[Assigned task] Print, word for word, only the lines from the one with "Sutton-Sutton & Woodard's" down to the last line of the listing below; no pictures.

[Given material]
☆ ☆ ☆ ☆ ☆
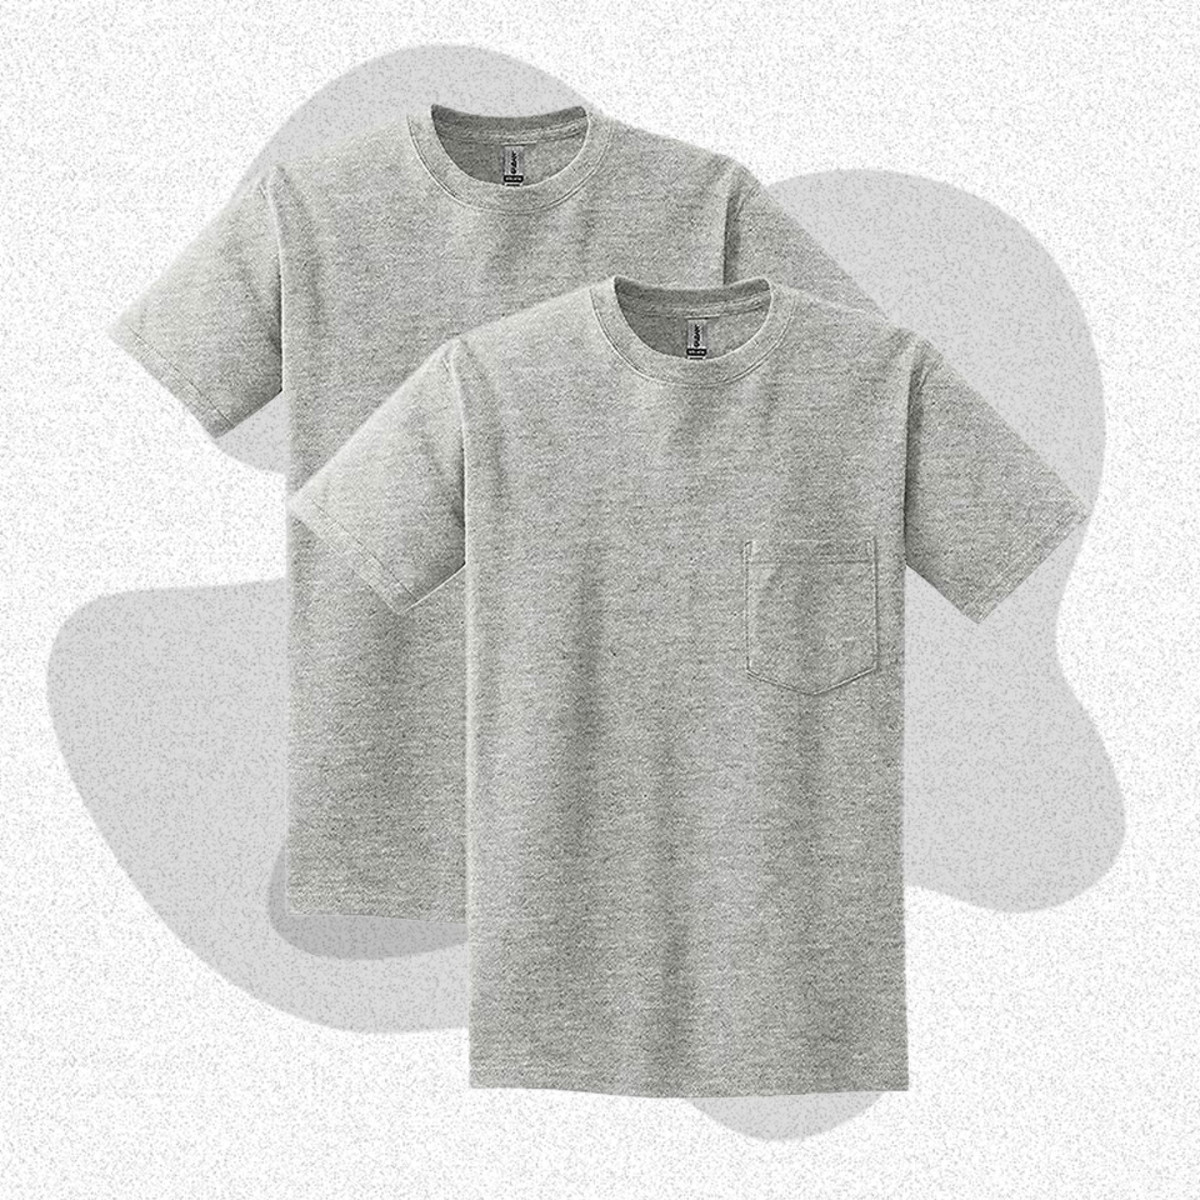 Gildan Men Grey T-Shirts Value Pack Shirts for Men Pack of 6 Pack of 12  Grey Shirts for Men Gildan T-shirts for Men Gray T-shirt Casual Shirt Basic
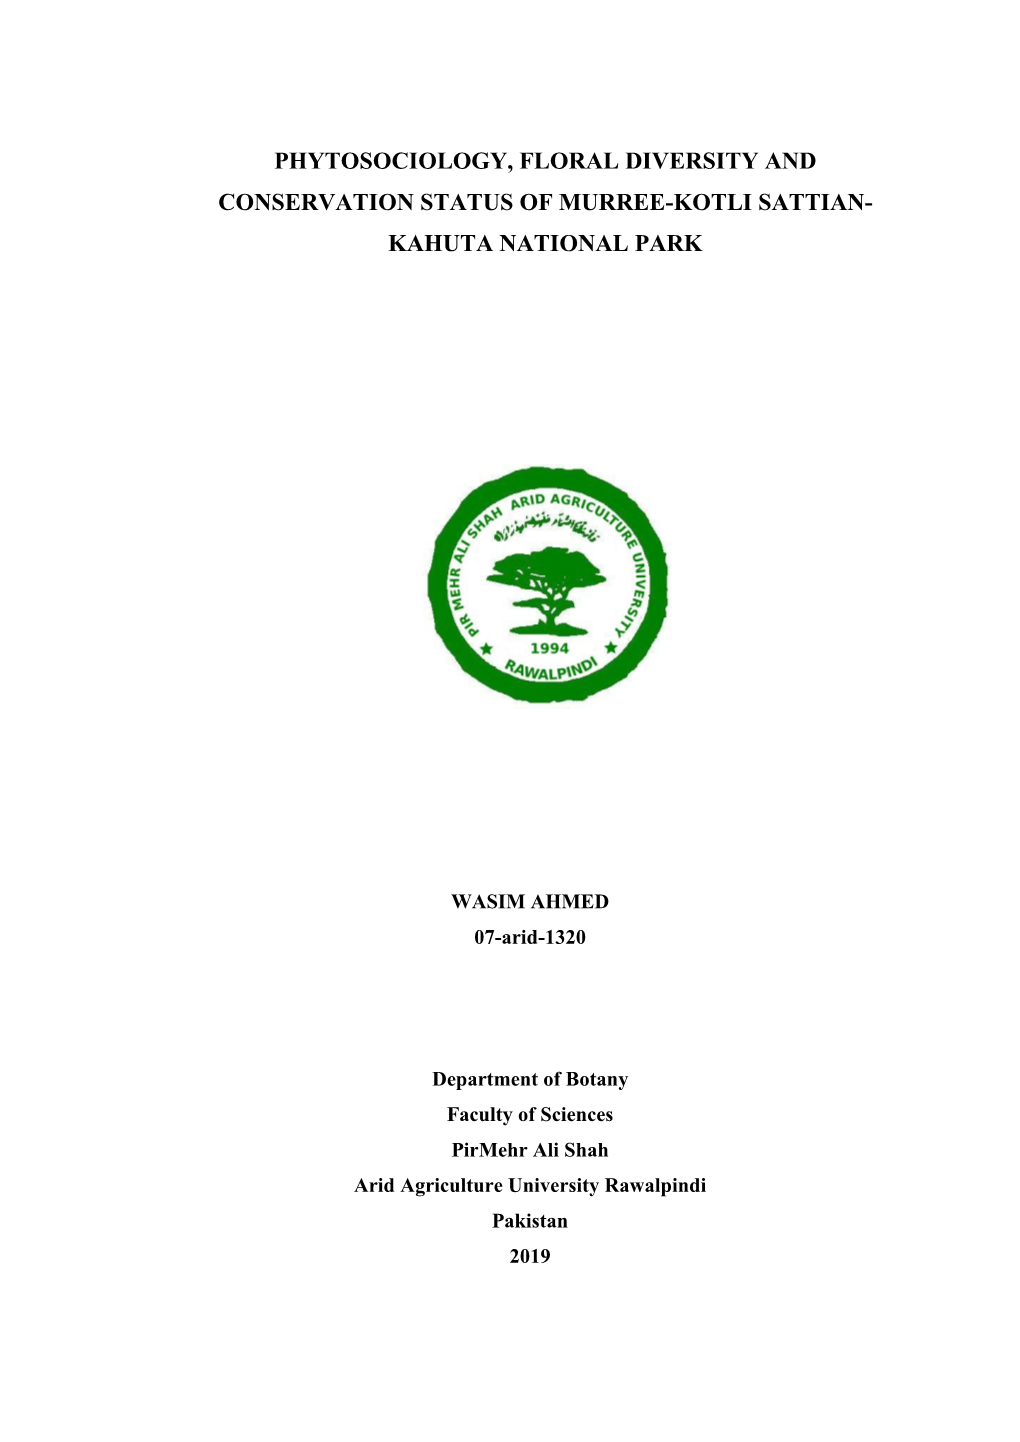 Kahuta National Park
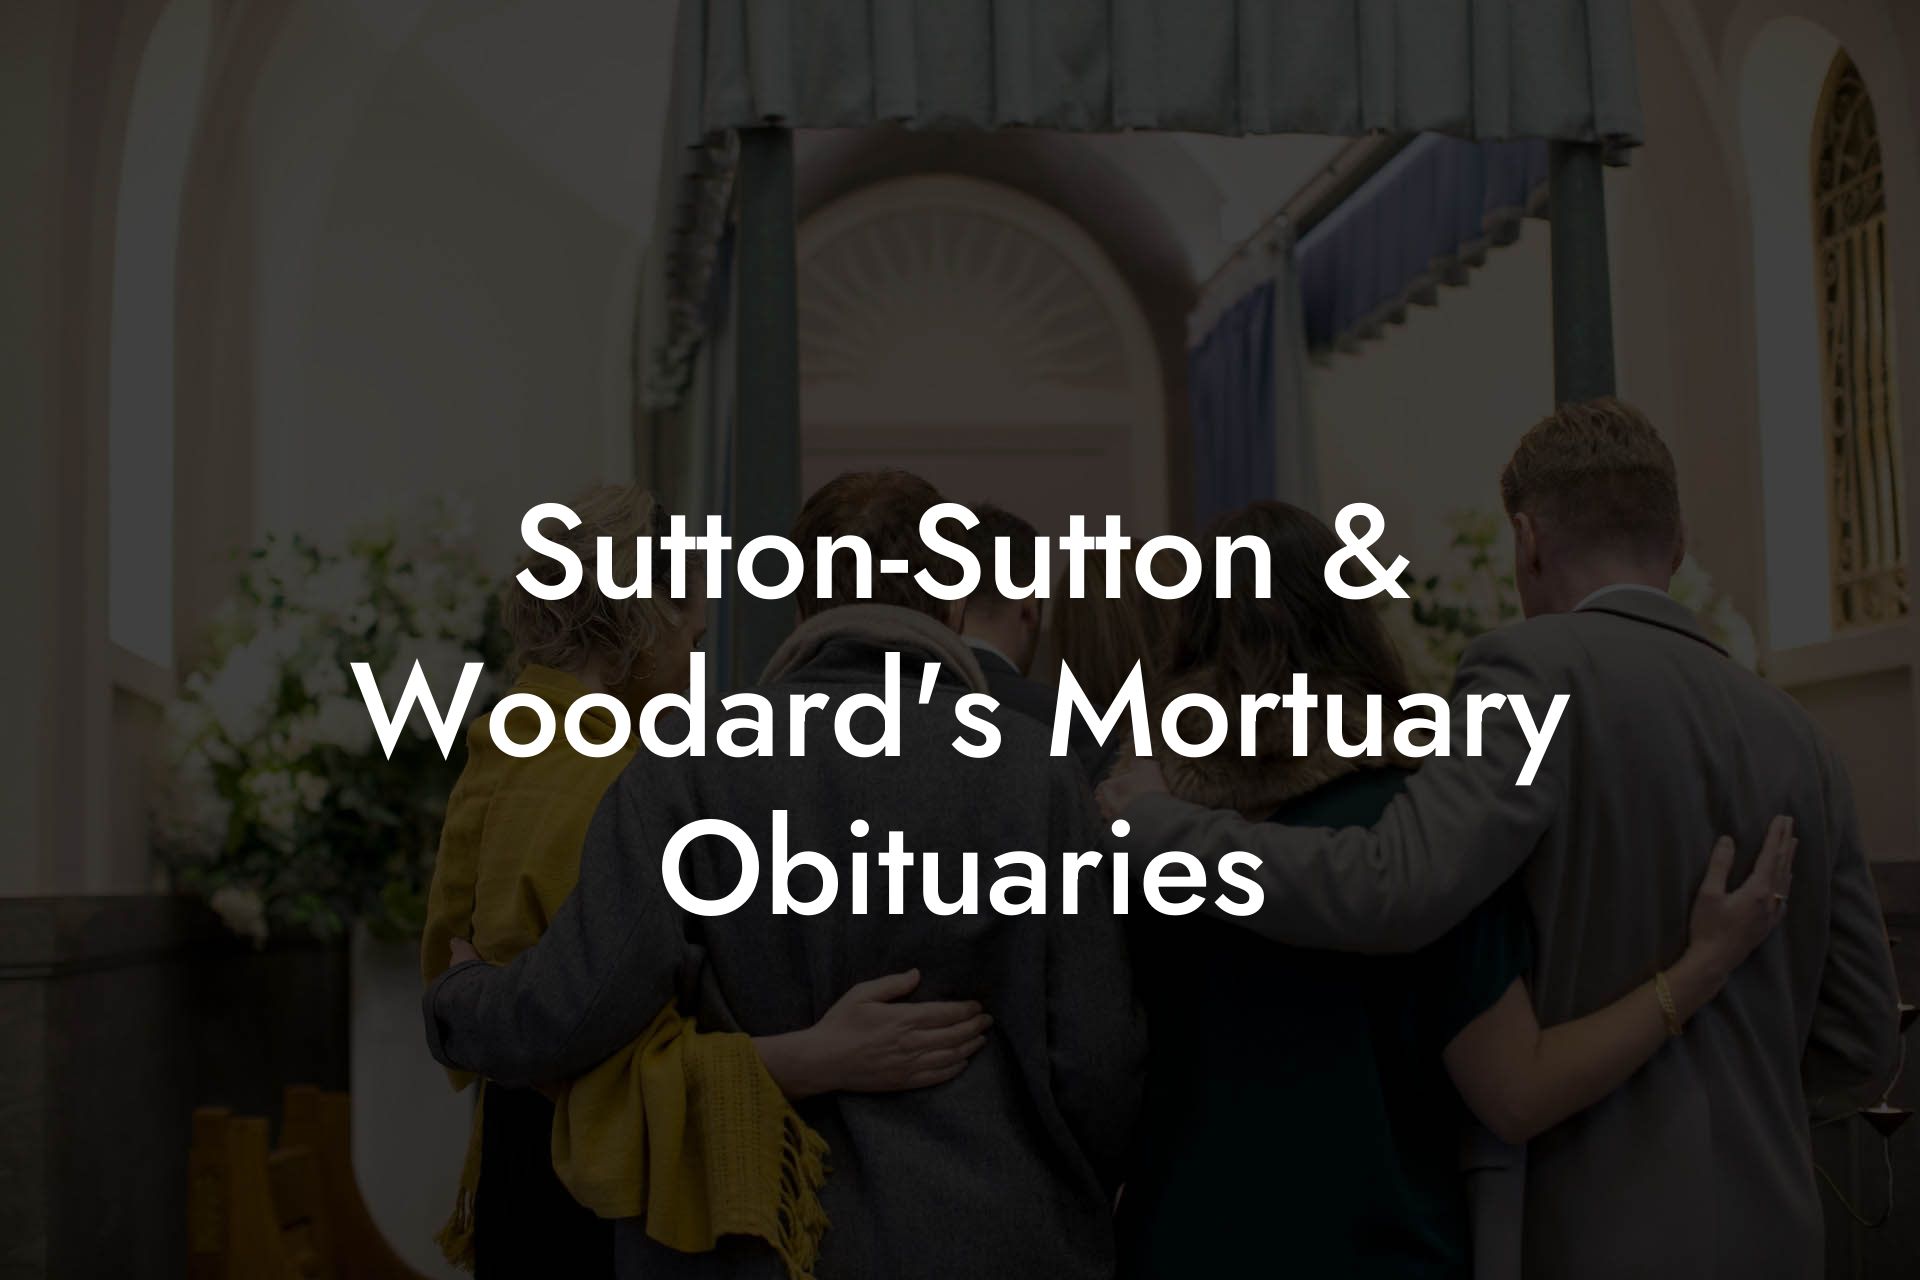 Sutton-Sutton & Woodard's Mortuary Obituaries
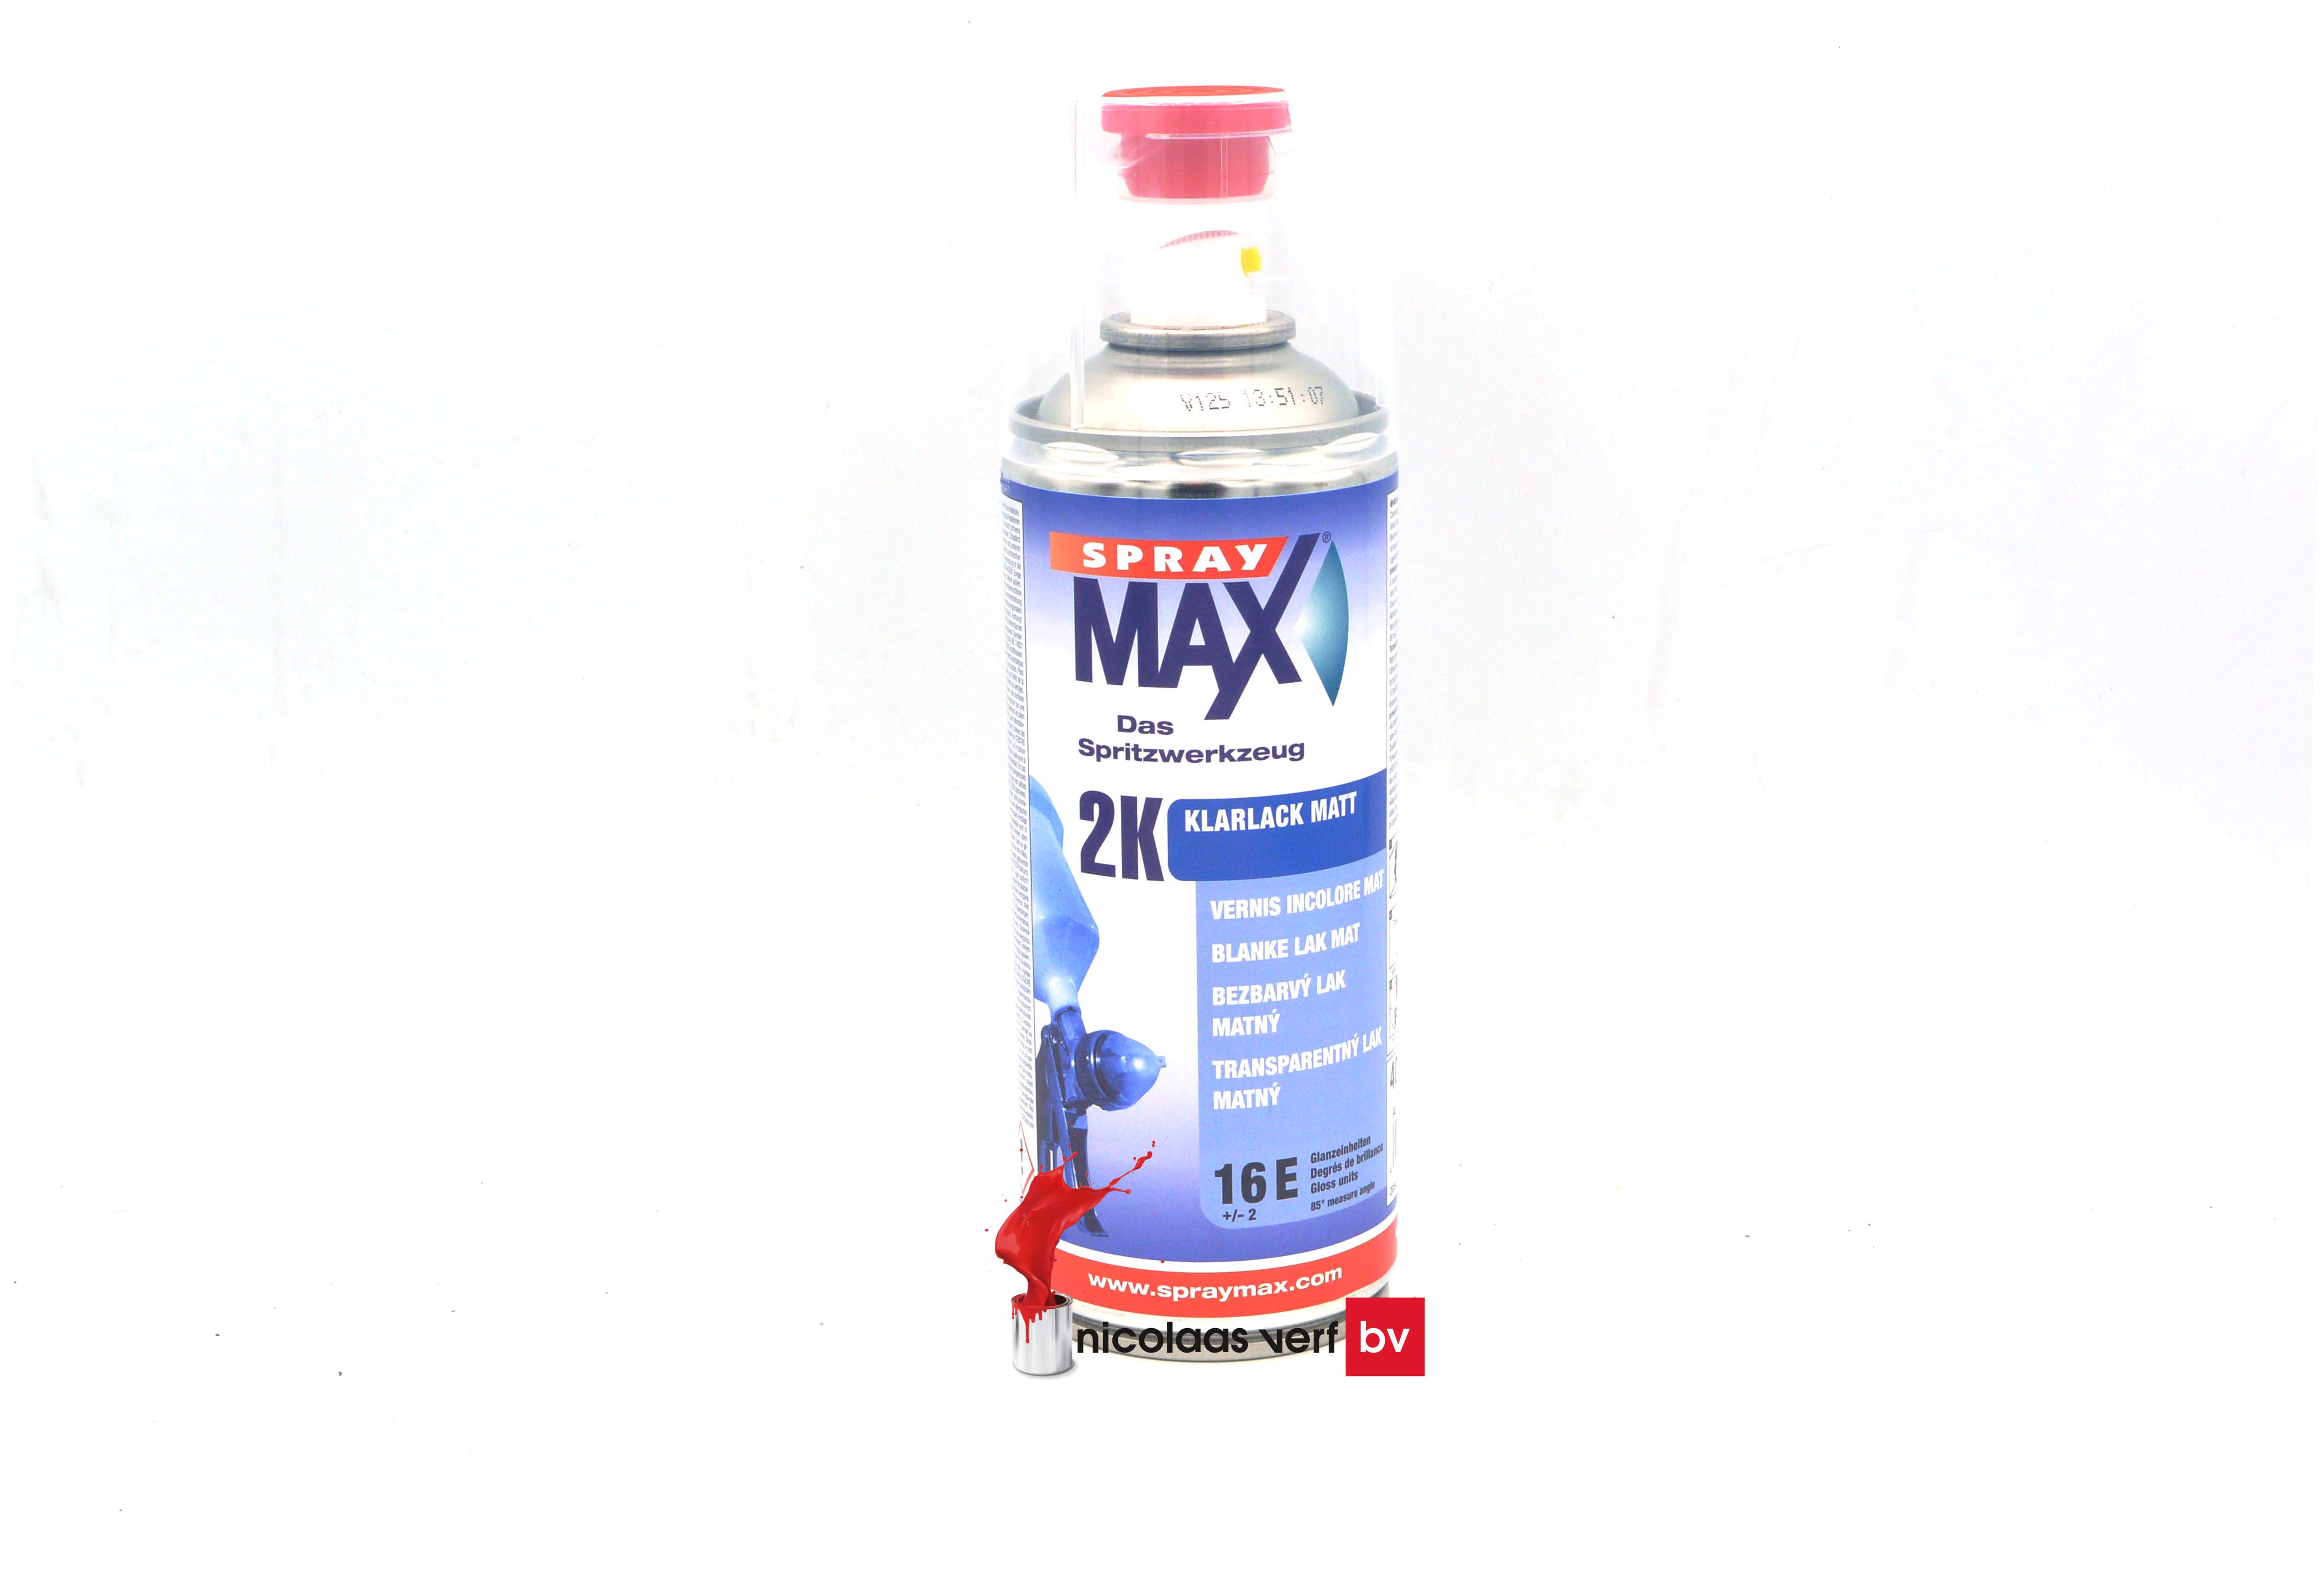 Spray MAX 2K Lak Mat Spuitbus 400 ml | Nicolaas
☆ ☆ ☆ ☆ ☆
[Task result]
 Sutton-Sutton & Woodard's Mortuary Obituaries
 Spray MAX 2K Lak Mat Spuitbus 400 ml | Nicolaas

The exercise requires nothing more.